Thursday, December 1

Bugger

Bugger.

I am officially sick.

I've just been sent home from work, and am now tucked in beds in my jams when I should be out living. I do not how I caught this London bug, but I am not pleased about it.
This flu means that not only am I stuck in my flat instead of being out exploring, but also that I am missing out on a Christmas party tonight at the Design Centre, for which I had purchased the perfect red Christmas dress. I so was looking forward to mixing and mingling with everyone, sipping Kir Royales, and tasting a variety of h'or d'oeuvre sized pies, roly polys, and sticky toffee puddings. Instead I'm sipping a British version of Ther-a-Flu and tasting cough drops.

On the brightside (because there is always a bright side in my world) the cough drops are kind of delicious. They are cassis flavored - which is much more intrest-ing and tasty than cherry Halls. They're more like candy than medicine really.

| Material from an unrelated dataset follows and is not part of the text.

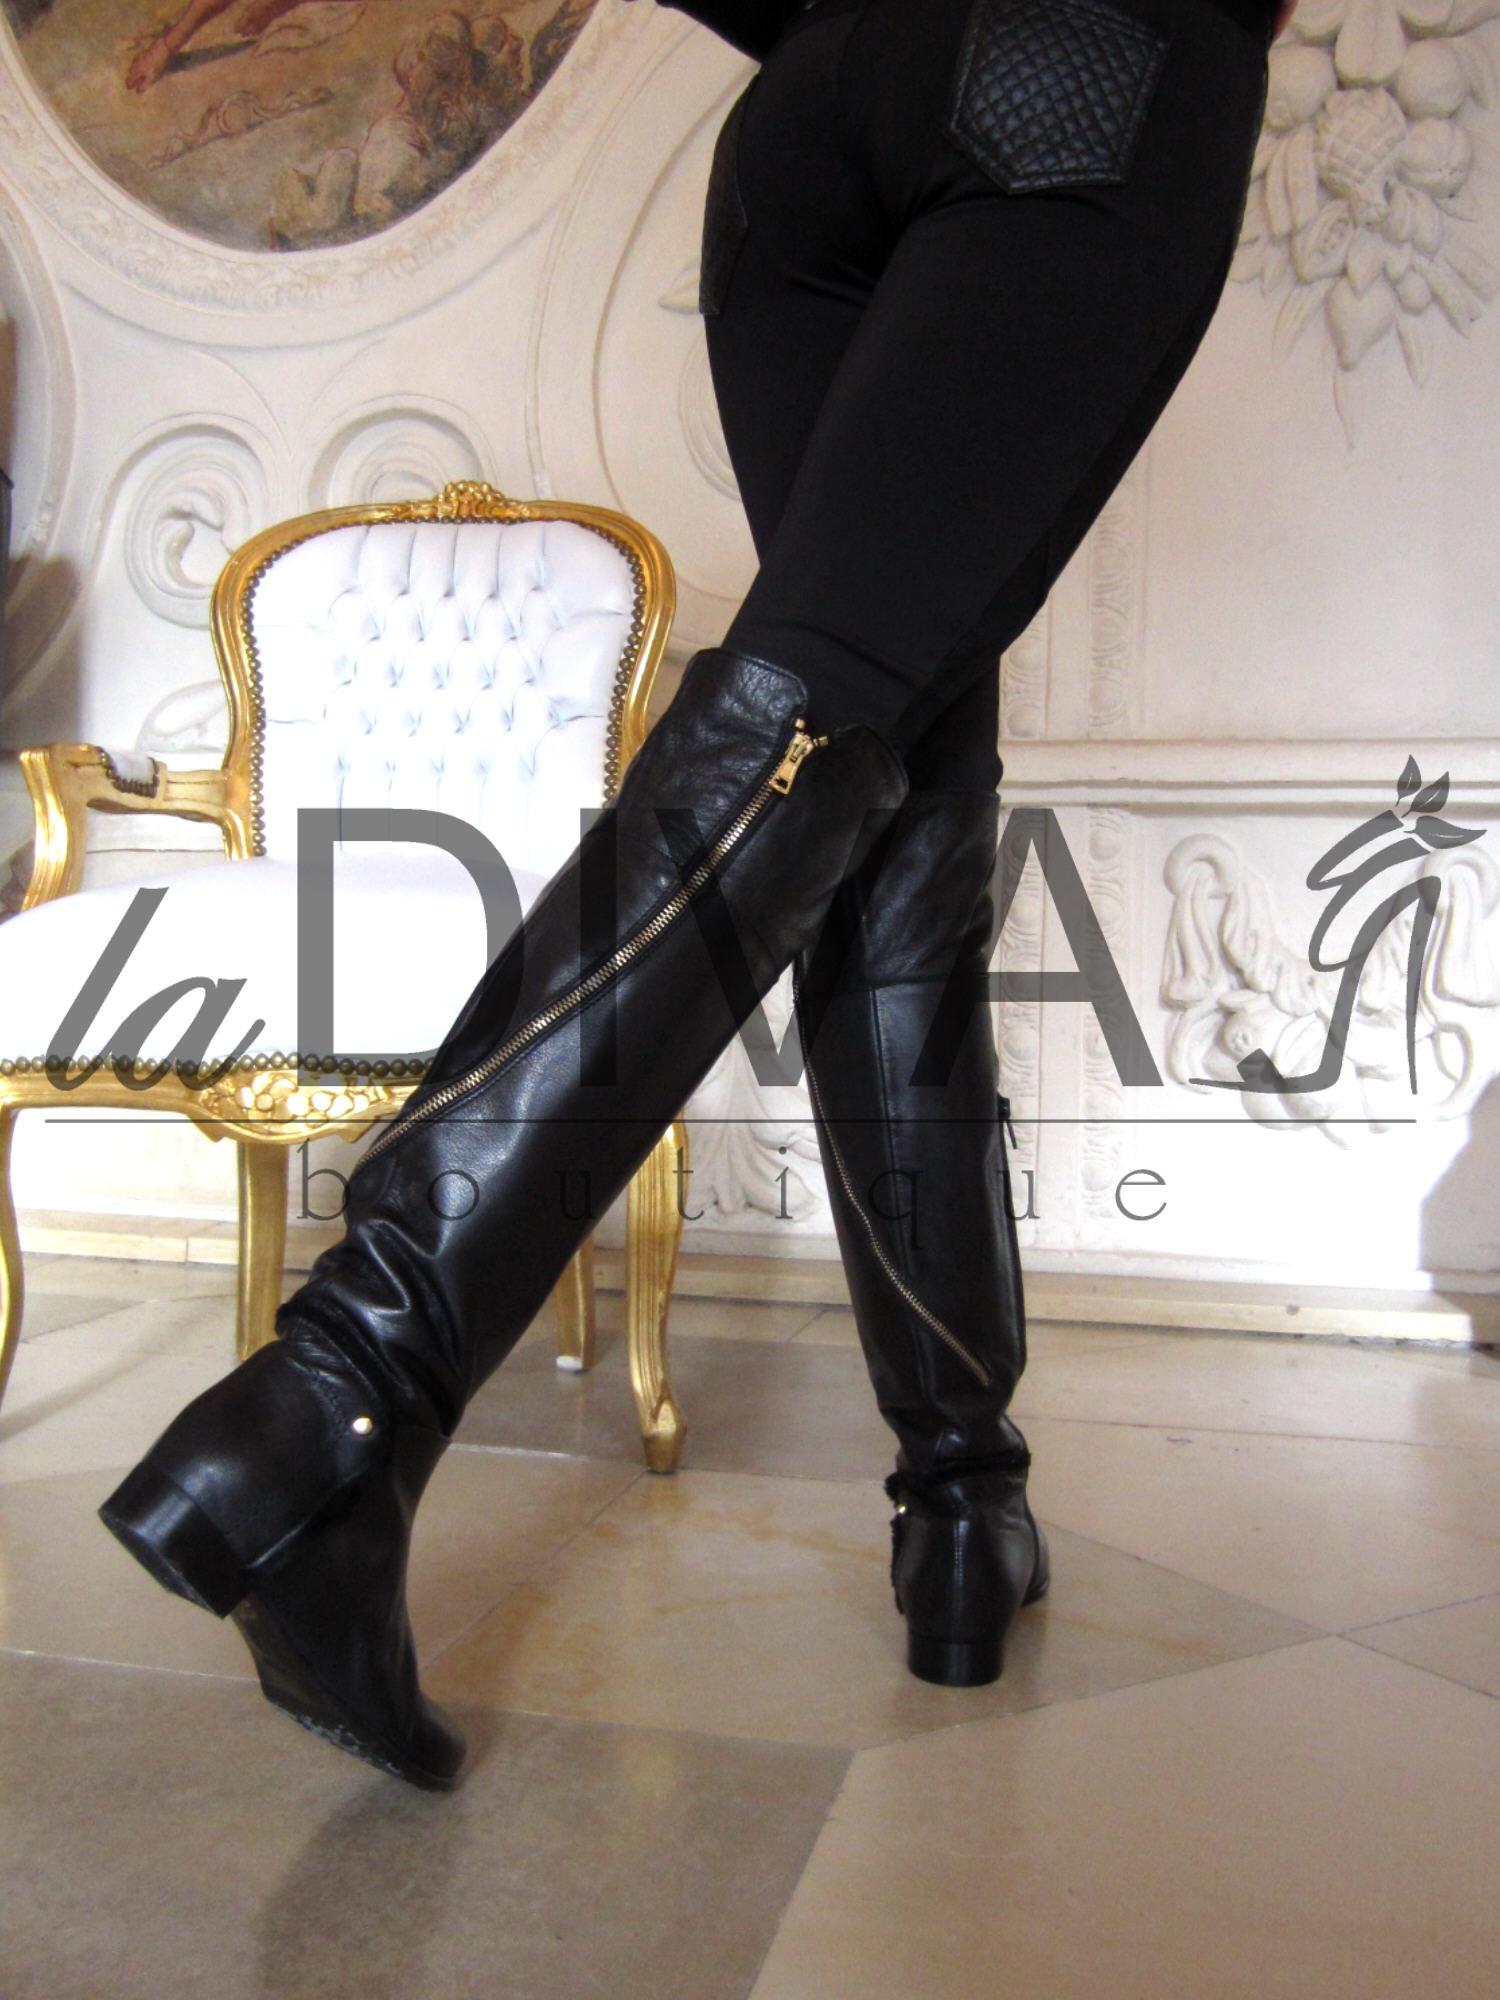 napoleoni designer italy fell stiefel leder 40 zipper overknee boots schwarz ebay. Black Bedroom Furniture Sets. Home Design Ideas

I picked them up at Boots just a bit ago on my way home after I left the doctor.
It was my first experience with national healthcare, and unfortunately, I must admit I was not impressed.

I entered the Medical Centre to find a shabby reception area, with banners everywhere with adversments (advertisments to us Americans) for "Flu Jabs."

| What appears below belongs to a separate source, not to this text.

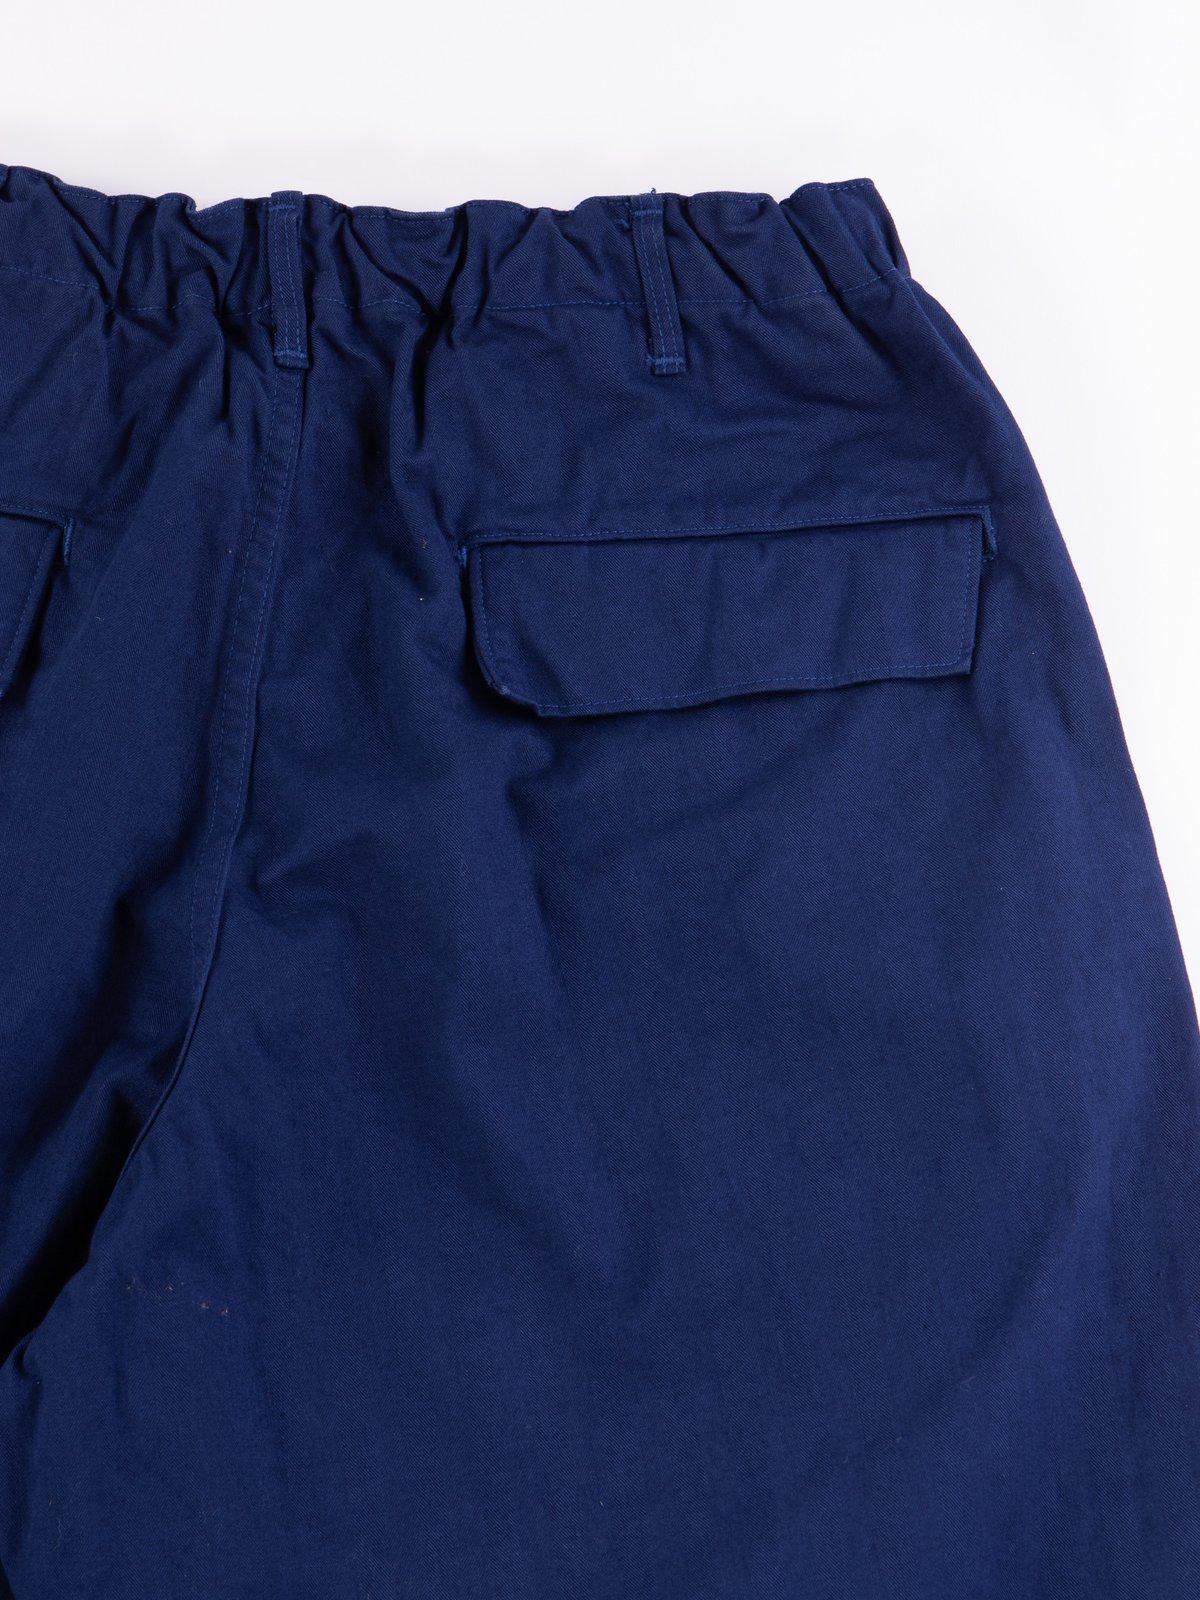 Ink Blue Herringbone TBB Service Pant - Image 6

That's right, jabs. Which I actually believe more accurately describes the trauma and pain of getting stabbed and injected with a needle than the word shot.

After waiting nearly 30 minutes for my appointment, with no fun magazines to read and no children's play area to entertain me, I was finally ushered into a little room, where the doctor looked at my throat and declared I had the flu. No pulse checking, temperature taking, stethoscope listening, nothing.

Once awarded the title of flu, I was expecting a fun prescription or two to aide me in my recovery. But once again - nothing! The "Doctor" told me nothing would get rid of it, but I could take tylenol for the throat pain....
Not prepared to leave empty handed and fight this flu alone I said,

"Dr., I'm a medicine person. I feel better knowing there is medicine in me, even if it may not be doing anything. In my far away land, we have these magical little things called Zpaks. Can you get me one of those, or something like it?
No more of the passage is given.